Studio album by Dean Martin
- Released: August 1966
- Recorded: 1966
- Genres: Traditional pop, country
- Length: 29:28
- Labels: Reprise R 6213
- Producer: Jimmy Bowen

Dean Martin chronology
| Dean Martin Sings Songs from "The Silencers" (1966) | The Hit Sound of Dean Martin (1966) | The Dean Martin Christmas Album (1966) |

= The Hit Sound of Dean Martin =

The Hit Sound of Dean Martin is a 1966 studio album by Dean Martin arranged by Ernie Freeman and Billy Strange.

This was the third of five albums that Martin released in 1966, that year he also starred in three films and appeared in his own television show. The Hit Sound of Dean Martin peaked at 50 on the Billboard 200, and was still on the charts in the second week of February 1967. In contrast to the chart performance of his recent LP's, The Hit Sound of Dean Martin marked a waning in his chart popularity as it only became his first LP since 1964's Everybody Loves Somebody not to go gold.
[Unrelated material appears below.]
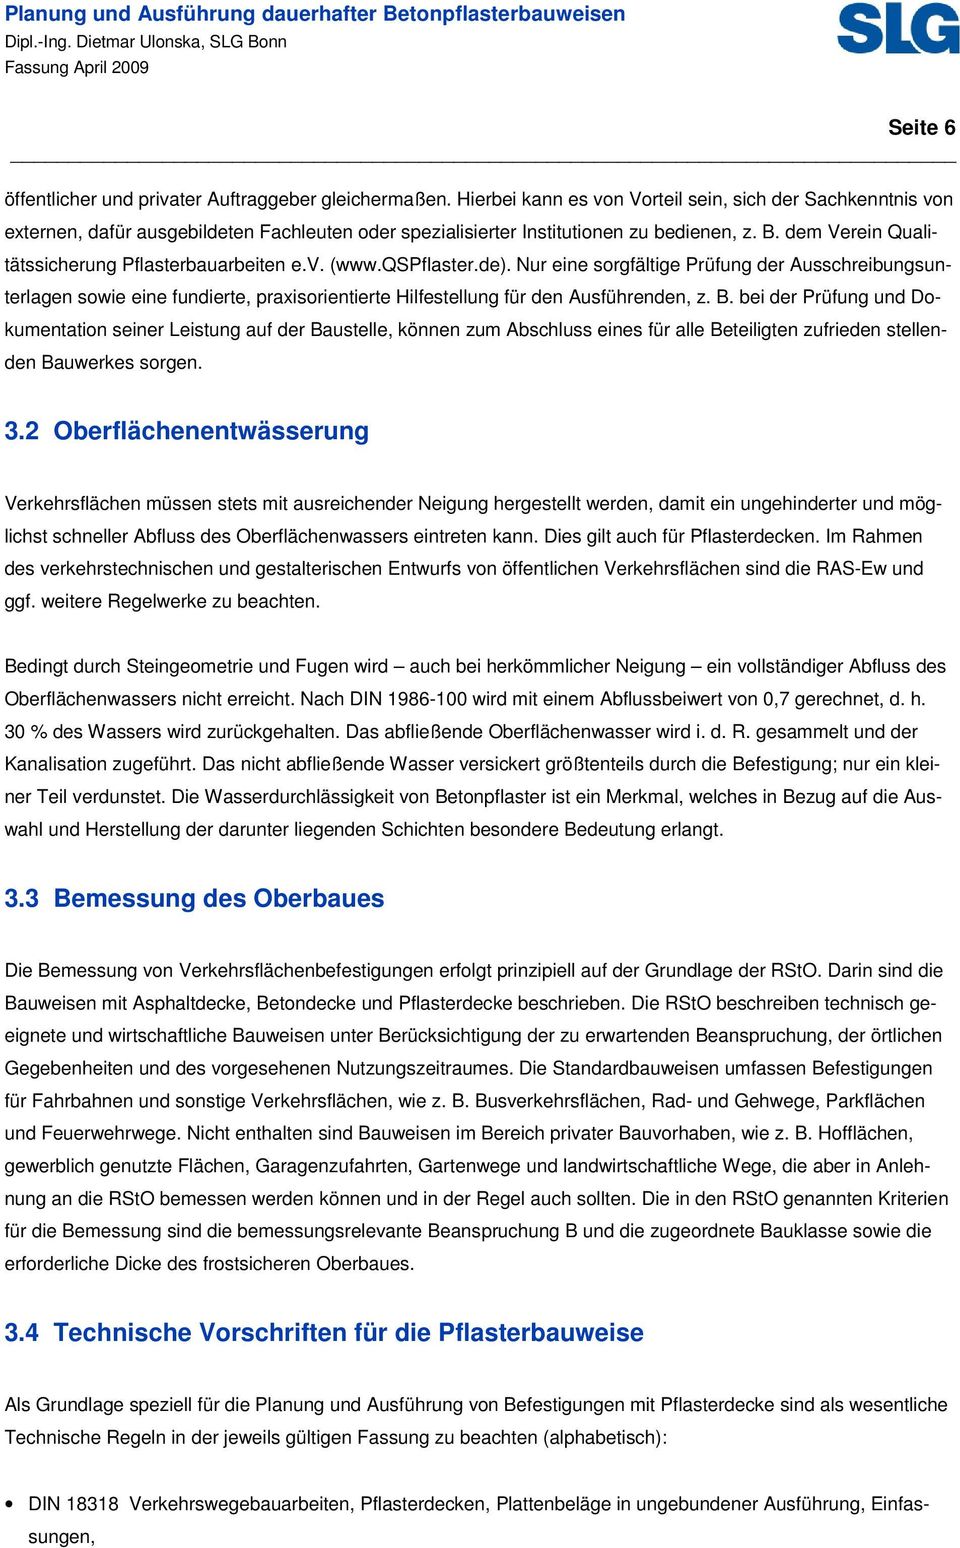 dem Verein Qualitätssicherung Pflasterbauarbeiten e.v. (www.qspflaster.de).

The album combines newly recorded material with previously issued singles and B sides. The album featured Martin's singles "Come Running Back" and "A Million and One", respectively Top 40 pop and Top Five easy listening hits, with six newly recorded songs. "Shades" by Lee Hazlewood that appears on the album had previously been issued as the B side to "A Million and One". Two tracks, "Any Time" and "Ain't Gonna Try Anymore," from this album had been released originally on Martin's 1963 album Dean "Tex" Martin: Country Style. The song "Any Time" was appearing for the third time on an LP by Martin, having also featured on his album Somewhere There's a Someone, released earlier in 1966.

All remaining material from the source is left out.